Wrapper Maintenance: A Machine Learning Approach (1106.4872v1)

Published 24 Jun 2011 in cs.AI

Abstract: The proliferation of online information sources has led to an increased use of wrappers for extracting data from Web sources. While most of the previous research has focused on quick and efficient generation of wrappers, the development of tools for wrapper maintenance has received less attention. This is an important research problem because Web sources often change in ways that prevent the wrappers from extracting data correctly. We present an efficient algorithm that learns structural information about data from positive examples alone. We describe how this information can be used for two wrapper maintenance applications: wrapper verification and reinduction. The wrapper verification system detects when a wrapper is not extracting correct data, usually because the Web source has changed its format. The reinduction algorithm automatically recovers from changes in the Web source by identifying data on Web pages so that a new wrapper may be generated for this source. To validate our approach, we monitored 27 wrappers over a period of a year. The verification algorithm correctly discovered 35 of the 37 wrapper changes, and made 16 mistakes, resulting in precision of 0.73 and recall of 0.95. We validated the reinduction algorithm on ten Web sources. We were able to successfully reinduce the wrappers, obtaining precision and recall values of 0.90 and 0.80 on the data extraction task.

Citations (179)

View on Semantic Scholar

Summary

The paper proposes a novel machine learning framework including the DATAPROG algorithm for learning data structure patterns, a verification system using these patterns and numeric features, and a reinduction process combining supervised and unsupervised learning to maintain data extraction wrappers.
The empirical evaluation demonstrated high performance for the verification system, achieving a recall of 0.95 in detecting wrapper changes, which is superior to state-of-the-art methods.
The reinduction process successfully recovered broken wrappers for single-tuple sources with 0.90 precision and 0.80 recall, significantly enhancing the practical reliability of web data extraction amidst frequent site changes.

Overview of "Wrapper Maintenance: A Machine Learning Approach"

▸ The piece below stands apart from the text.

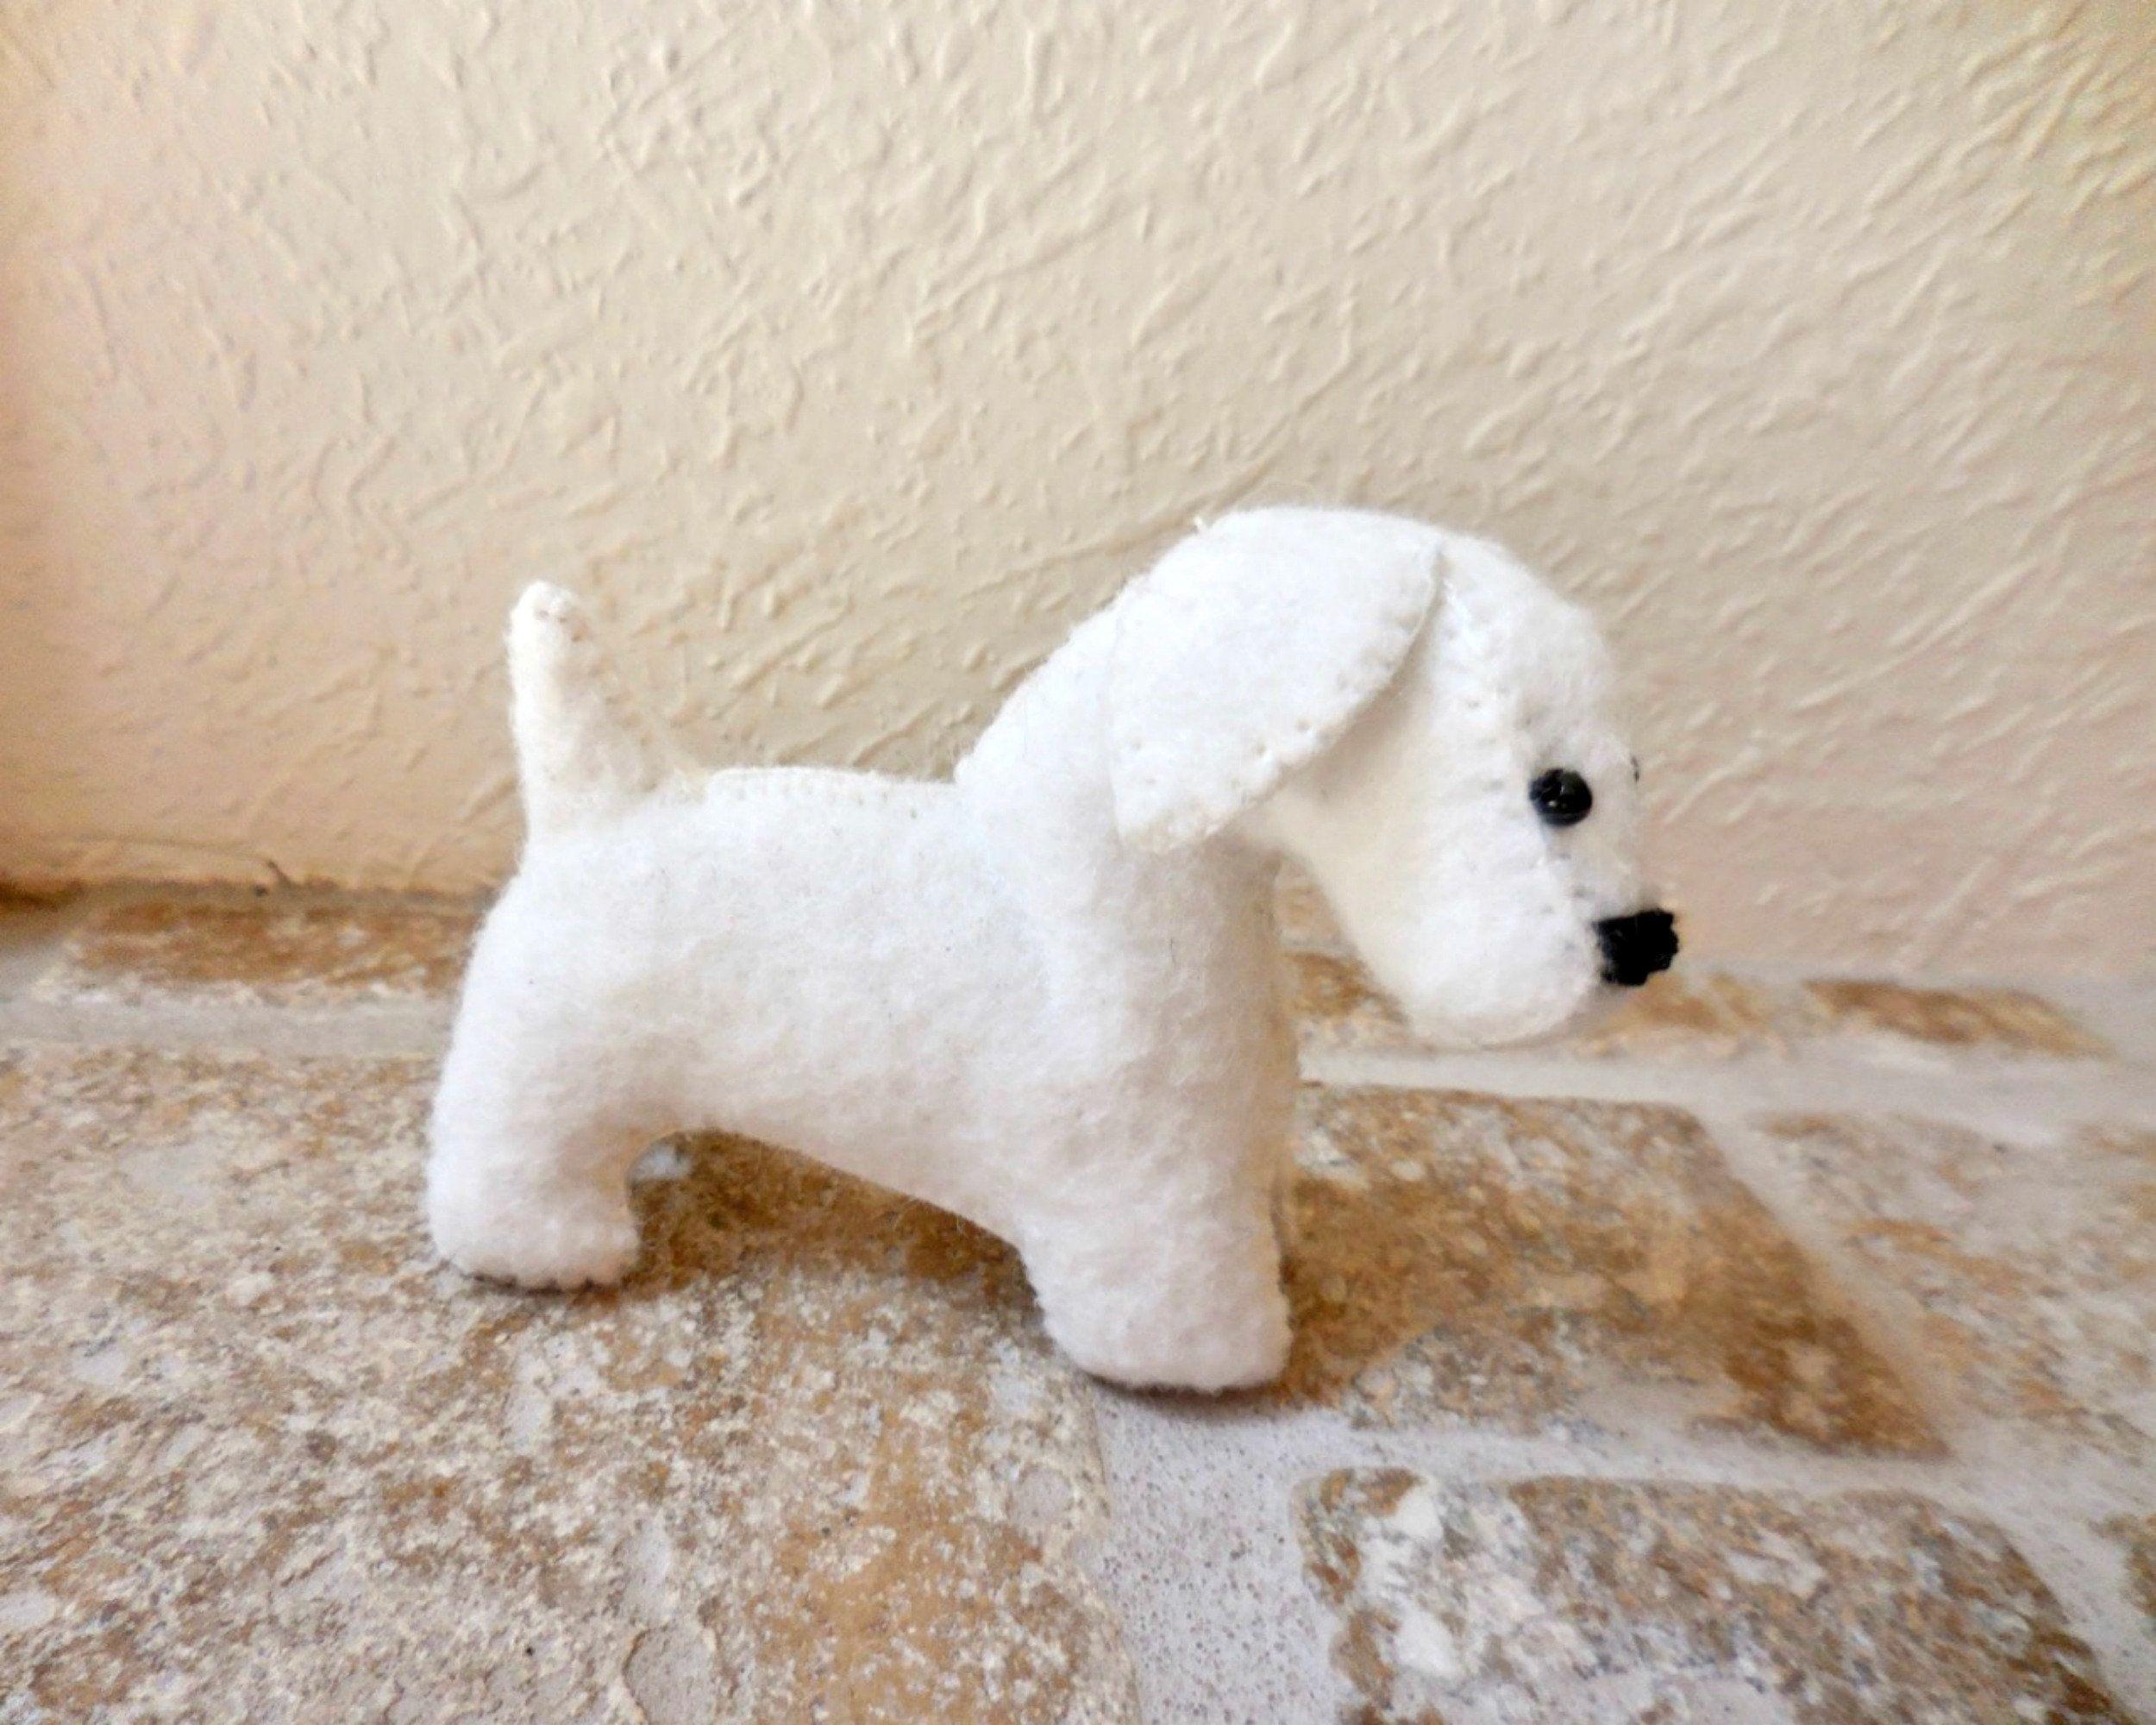 Small White Dog Stuffed Puppy Dog Soft Toy Felt Stuffed Animal White Dogs Animals Dogs And Puppies [ 2000 x 2500 Pixel ]

The paper "Wrapper Maintenance: A Machine Learning Approach" by Lerman, Minton, and Knoblock addresses the critical issue of maintaining data extraction wrappers for semi-structured web sources amid frequent changes in web formats. Traditional research has primarily focused on generating wrappers quickly, often neglecting the maintenance aspect. This paper proposes a novel machine learning approach for wrapper verification and reinduction—two key facets of wrapper maintenance.

Key Contributions

Data Prototype Learning: The cornerstone of the paper is the development of the DATAPROG algorithm, designed to learn the structural patterns of data fields from positive examples without requiring negative examples. This task is framed as a conservation task rather than a classification task to ensure that all structural regularities, including redundant features, are captured. DATAPROG leverages a token-level representation and hypothesis testing to evaluate the statistical significance of learned data patterns.
Wrapper Verification: The authors introduce a system that detects incorrect data extraction due to changes in web source structures by employing the learned data prototypes alongside numeric features such as token densities. Their empirical validation involved monitoring 27 wrappers over 10 months, resulting in a recall of 0.95 in detecting wrapper changes.
Wrapper Reinduction: The paper presents a reinduction process that allows the automatic recovery of broken wrappers by relabeling data on modified web pages. This process combines supervised and unsupervised learning, facilitating the extraction and proper labeling of data segments, which the STALKER wrapper induction system subsequently uses to regenerate extraction rules. Notably, the reinduced wrappers demonstrated precision and recall values of 0.90 and 0.80, respectively, in their extraction tasks.
Page Template Learning: The paper outlines a page template induction algorithm that discerns static templates used across web pages, which can be pivotal in identifying variable data slots, thus enhancing the reinduction process.

Experimental Evaluation

The experimental framework revealed that DATAPROG provides a robust verification mechanism compared to state-of-the-art methods like RAPTURE, achieving higher precision and recall due to its pattern-based approach. For the wrapper reinduction task, the method showed competence in dealing with sources returning single tuples ("detail pages") but less efficacy for sources presenting lists, highlighting a direction where further algorithmic development is needed.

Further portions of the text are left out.